Data Protection Act Enforcers
Principles, Protections and Penalties
Who Enforces the Data Protection Act? If you are operating a business within the UK, chances are the Data Protection Act directly affects many of your responsibilities and practices regarding the personal data you process. After several years in development the General Data Protection Regulation (GDPR) was introduced across Europe in 2016 and became enforceable in May of 2018.
Incorporated into UK law in the form of the Data Protection Act (DPA) 2018, the regulation not only placed new responsibilities upon organisations that handle personal data, but also sought to strengthen the rights of citizens in relations to their data and address several decades of technological advancement.
Data Protect Act 2018
Replacing the Data Protection Act of 1998, the DPA 2018 built upon and forwarded many of the existing principles. Governing how organisations work with personal data, both the GDPR and the DPA centre around seven key principles.
The Seven Principles
- Lawfulness, fairness and transparency
- Purpose limitation
- Data minimisation
- Storage limitation
- Integrity and confidentiality
Who Enforces the Data Protection Act?
Though the GDPR is a European-wide piece of regulation, the application of the law is at the national level with each country establishing their own enforcement authority. In the UK the authority responsible for enforcement is the long-standing Information Commissioner, of the Information Commissioner’s Office (ICO).
As the independent official, the ICO’s mission includes upholding information rights, promoting openness by public bodies, as well as forwarding the data privacy of individuals. In this capacity, the Information Commissioner also has the power to levy large fines upon offending and non-compliant organisations.

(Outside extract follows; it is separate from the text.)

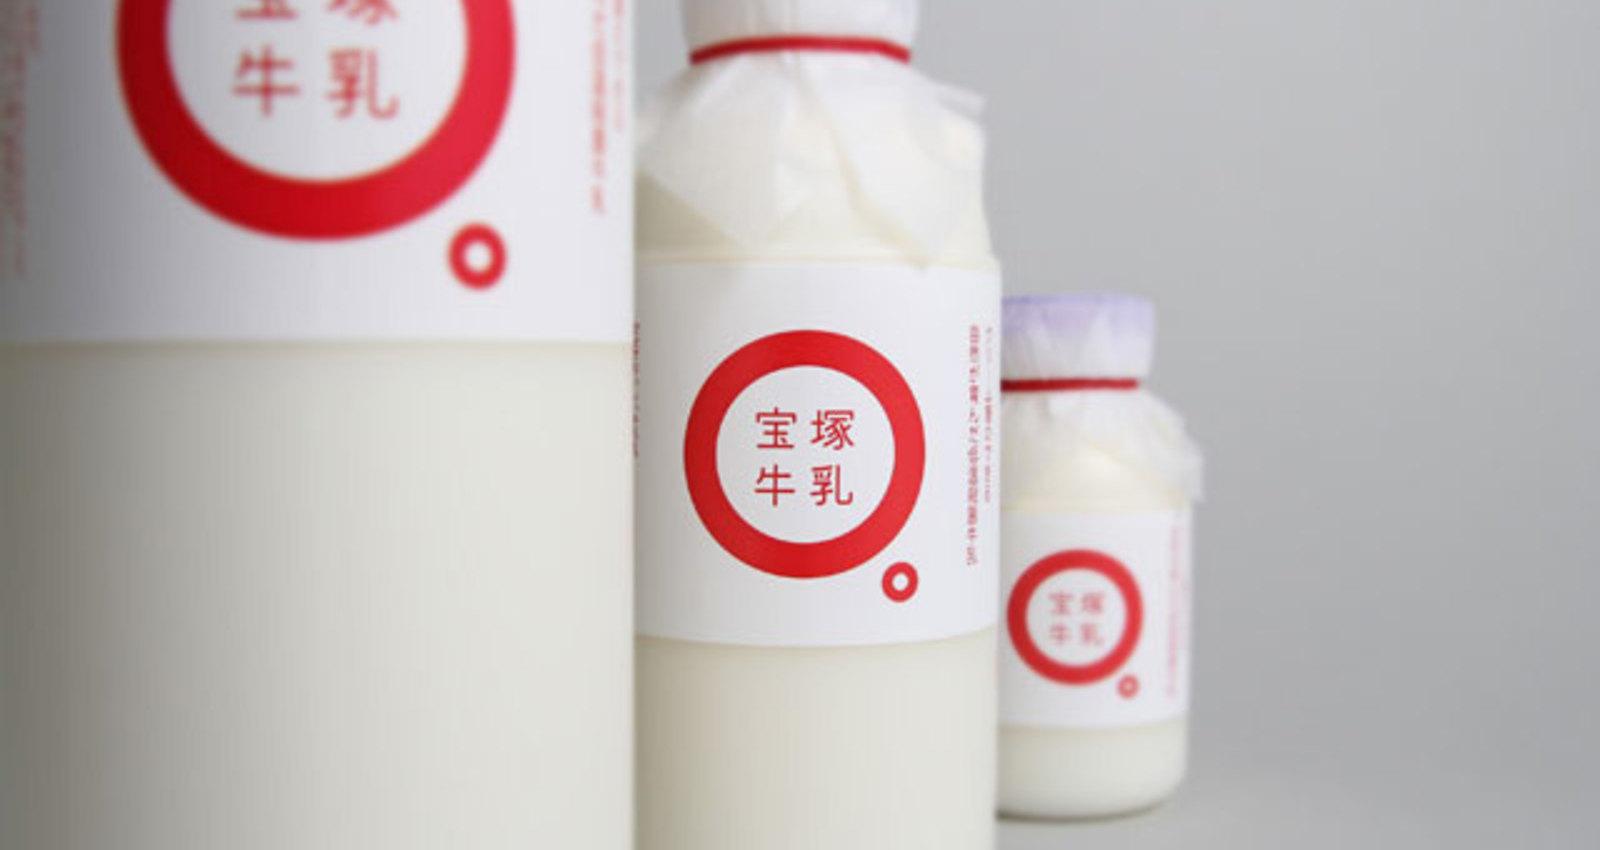 Takarazuka Milk

Under the DPA, the ICO has the power to hand out fines equal to 20 million Euros, or 4% of global annual turnover from the previous year, whichever is greater. This comes as a sharp departure from the previous maximum (under the DPA 1998) of the relatively meagre £500,000.
History of the ICO
The Information Commissioner’s Office was originally founded in 1984 and since then, its role has grown considerably. With the introduction of the GDPR and the surrounding ‘excitement’, the independent authority has also expanded in prominence.

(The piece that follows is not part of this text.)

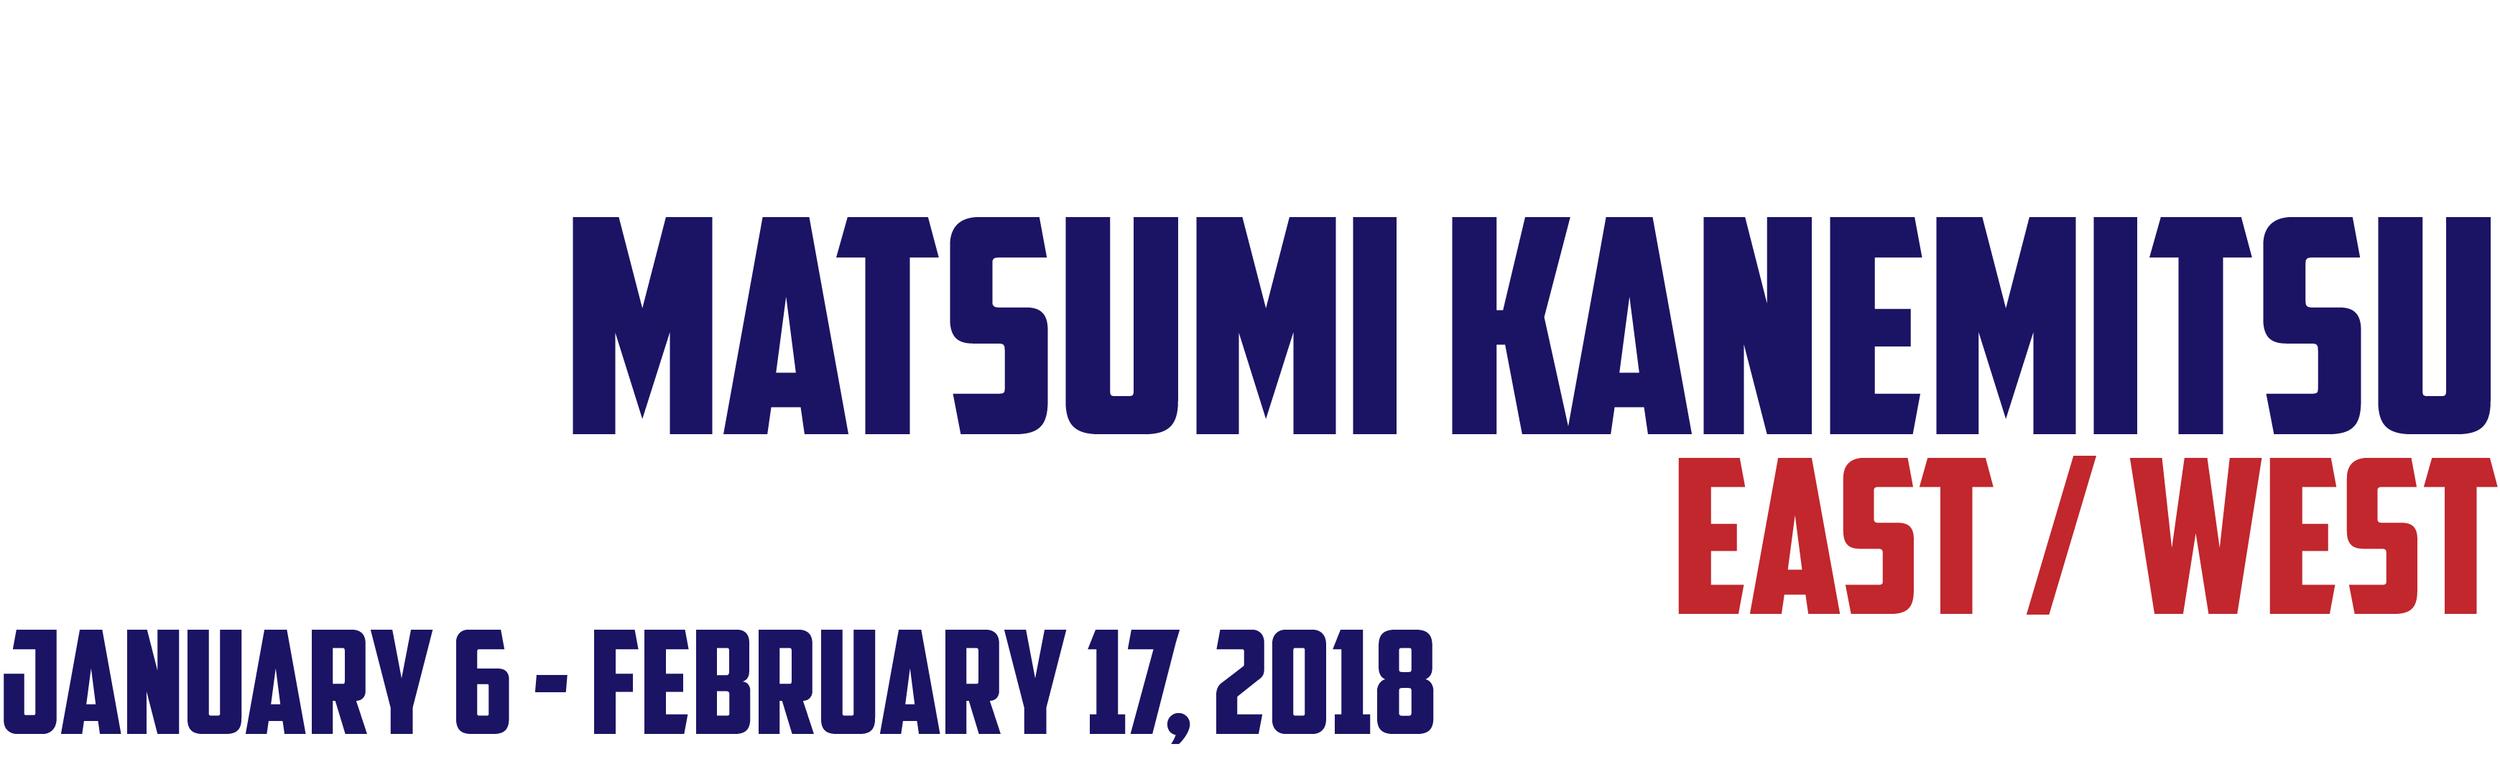 Kanemitsu_Banner.png

“ has seen the biggest upgrade in UK data protection laws for a generation”
Information Commissioner’s Office
Having developed from a relatively small organisation, headed by a Data Protection Registrar, the organisation now handles tens of thousands of data protection complaints, thousands of freedom of information complaints and hundreds of thousands of calls to their helplines every year.
Since the mid-eighties, a great deal has changed in terms of the way organisations collect, handling and utilise personal data. The introduction of now ubiquitous personal electronics, not to mention a few high-profile cases of data mishandling, has seen the public’s expectations regarding data rights very much enter the zeitgeist.
Since 2016 the ICO has been led by Elizabeth Denham CBE who has overseen a plethora of important cases and investigations into the mishandling of personal data.
Enforcing with Fines
Including within the new seven principles of data protection is the ‘accountability’ principle. This guiding element of modern data protection law places the responsibility to protect personal data squarely upon organisations.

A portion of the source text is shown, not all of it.